DADE COUNTY, FLORIDA, et al., Defendants

William M. Hoeveler, United States District Judge.

The opinion of the court was delivered by: HOEVELER

THIS CAUSE came before the Court for a two and one-half day trial commencing July 10, 1989. Plaintiffs' complaint presents a pre-enforcement facial challenge to the constitutionality of Dade County Ordinance No. 089-22 on the basis that the ordinance is impermissibly vague. The ordinance purports to regulate ownership of pit bull dogs ("pit bulls") by requiring registration, enclosure or leashing and muzzling of existing pit bull dogs and by prohibiting the acquisition of new ones. The ordinance defines pit bull dogs by referring to standards set forth by the American Kennel Club ("AKC") and the United Kennel Club ("UKC"), providing that dogs substantially conforming to those characteristics will be considered pit bulls. Plaintiffs' challenge to this ordinance rests on their contention that the definitional sections are so vague and uncertain as to deprive plaintiffs of their liberty and property without due process of law. The complaint seeks declaratory and injunctive relief as well as damages.

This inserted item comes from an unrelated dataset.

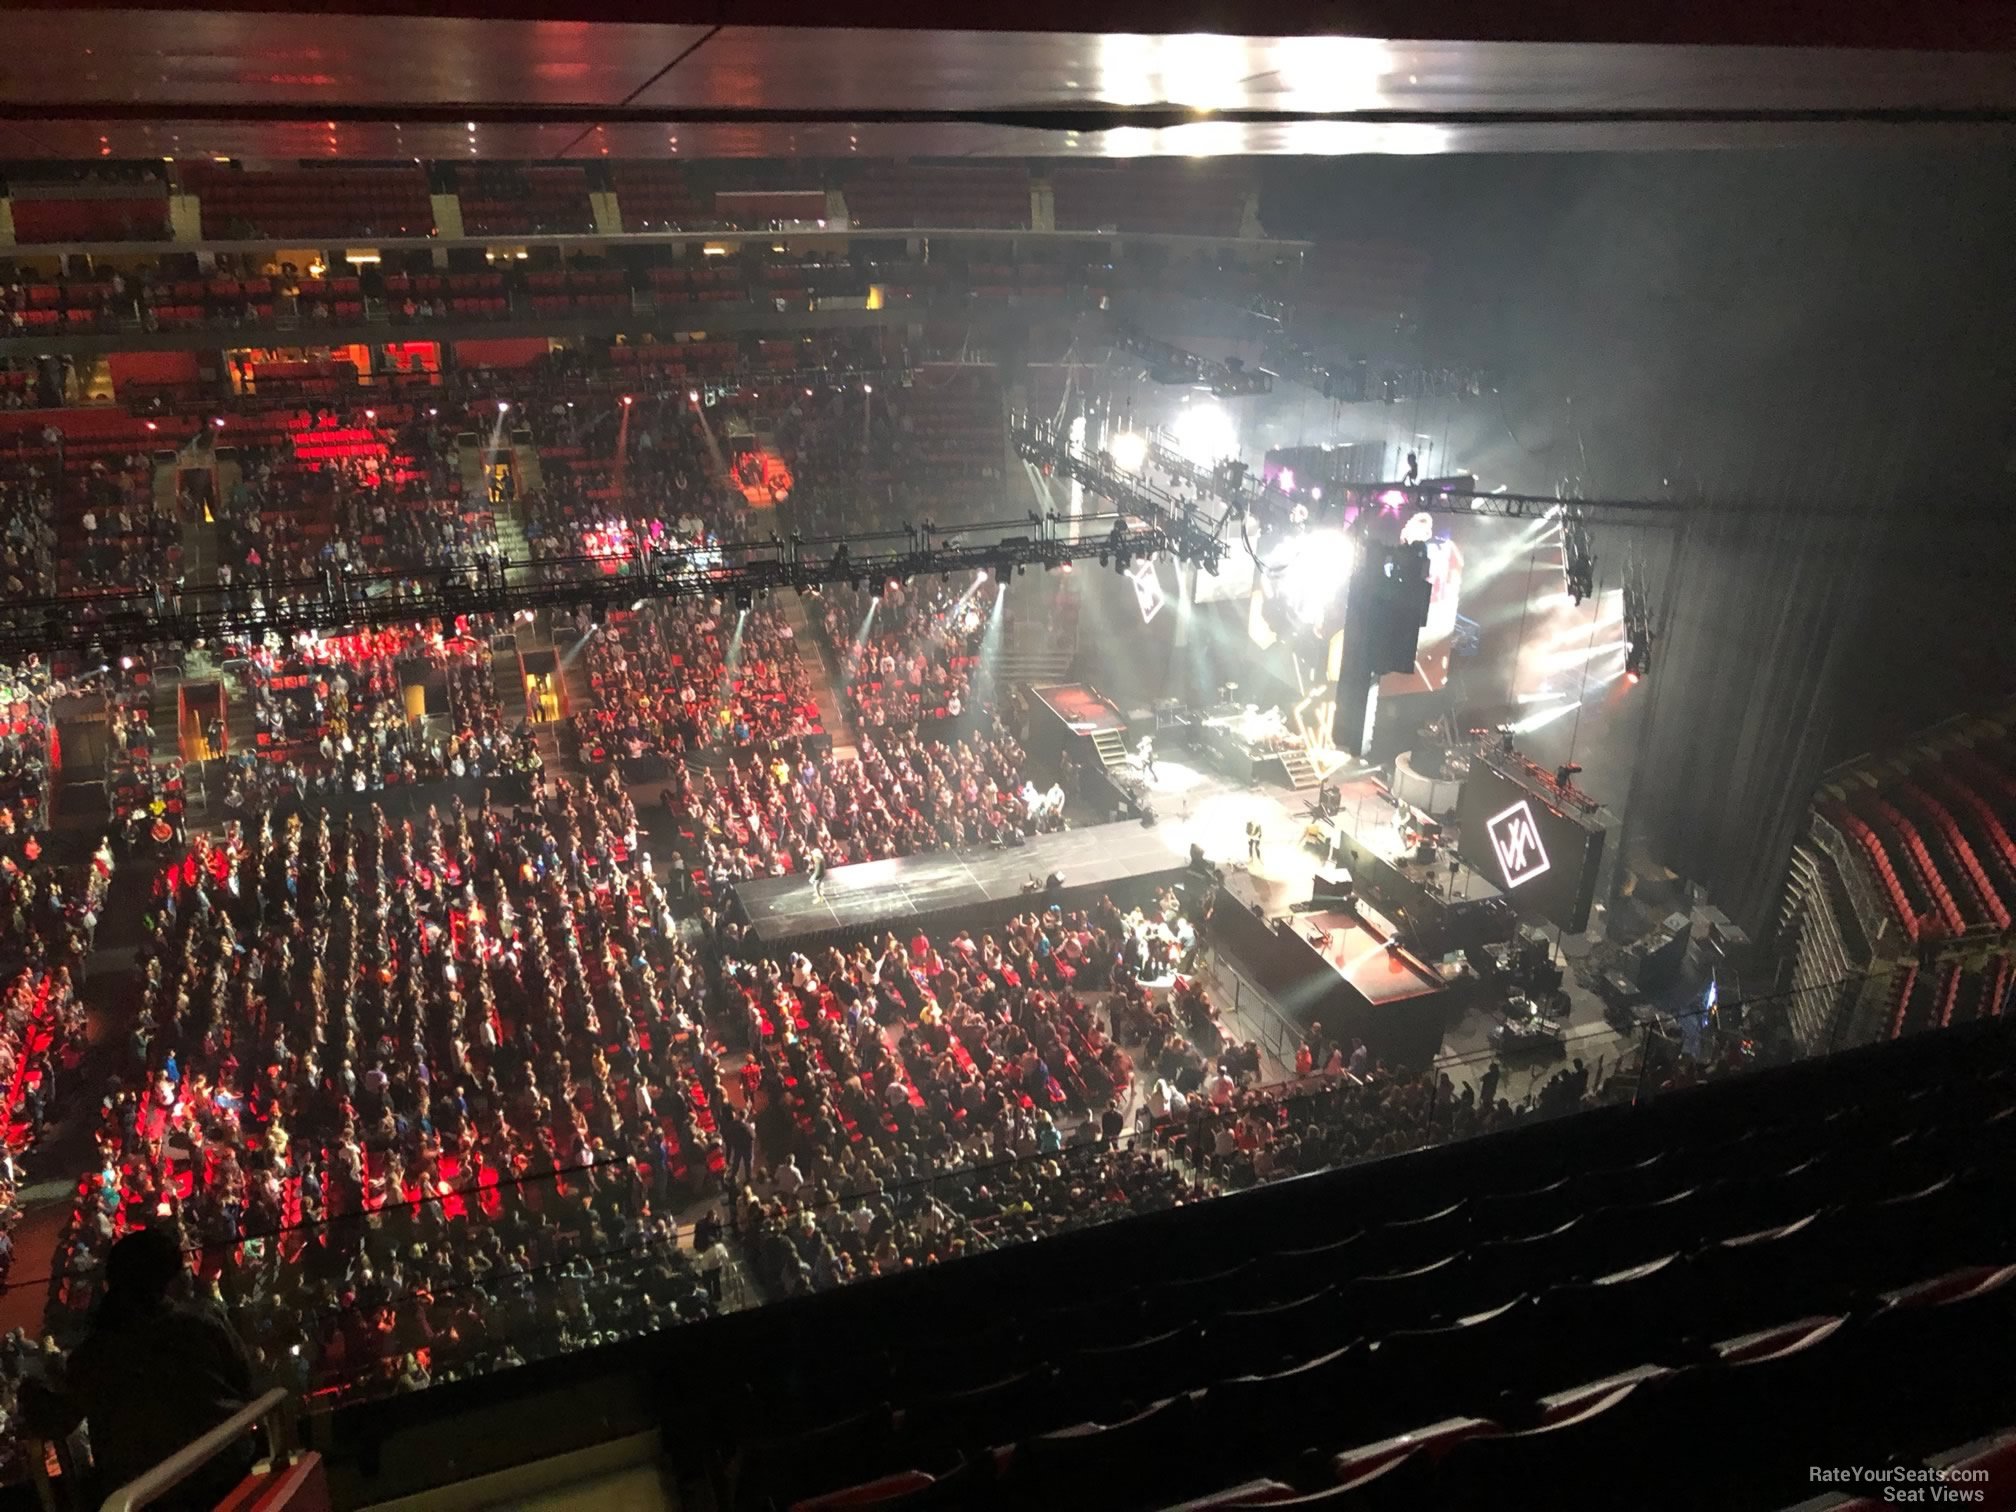 section 212, row 7 seat view  for concert - little caesars arena

 Both parties presented witnesses, including experts and trial exhibits. On the basis of testimony, evidence and arguments presented by both sides, as well as post-trial submissions, the Court makes the following Findings of Fact and Conclusions of Law.


 I. The parties

 Plaintiff, Responsible Dog Owners of Dade ("RDOD") is an unincorporated association created to advance the interests of dog owners and to defend them from hostile legislation. RDOD is comprised of dog owners who live in Dade County or who, as dog fanciers, are potentially subject to the challenged ordinance. Plaintiff American Dog Owners Association, Inc. ("ADOA") is a Michigan nonprofit corporation formed for the advancement and protection of the interests of dog fanciers. ADOA is a national organization whose purpose is to educate people, teach responsible dog ownership and to advocate legislation which is non-breed specific. Many ADOA members live in Dade County and may be subject to the challenged ordinance because of dog ownership or exhibition.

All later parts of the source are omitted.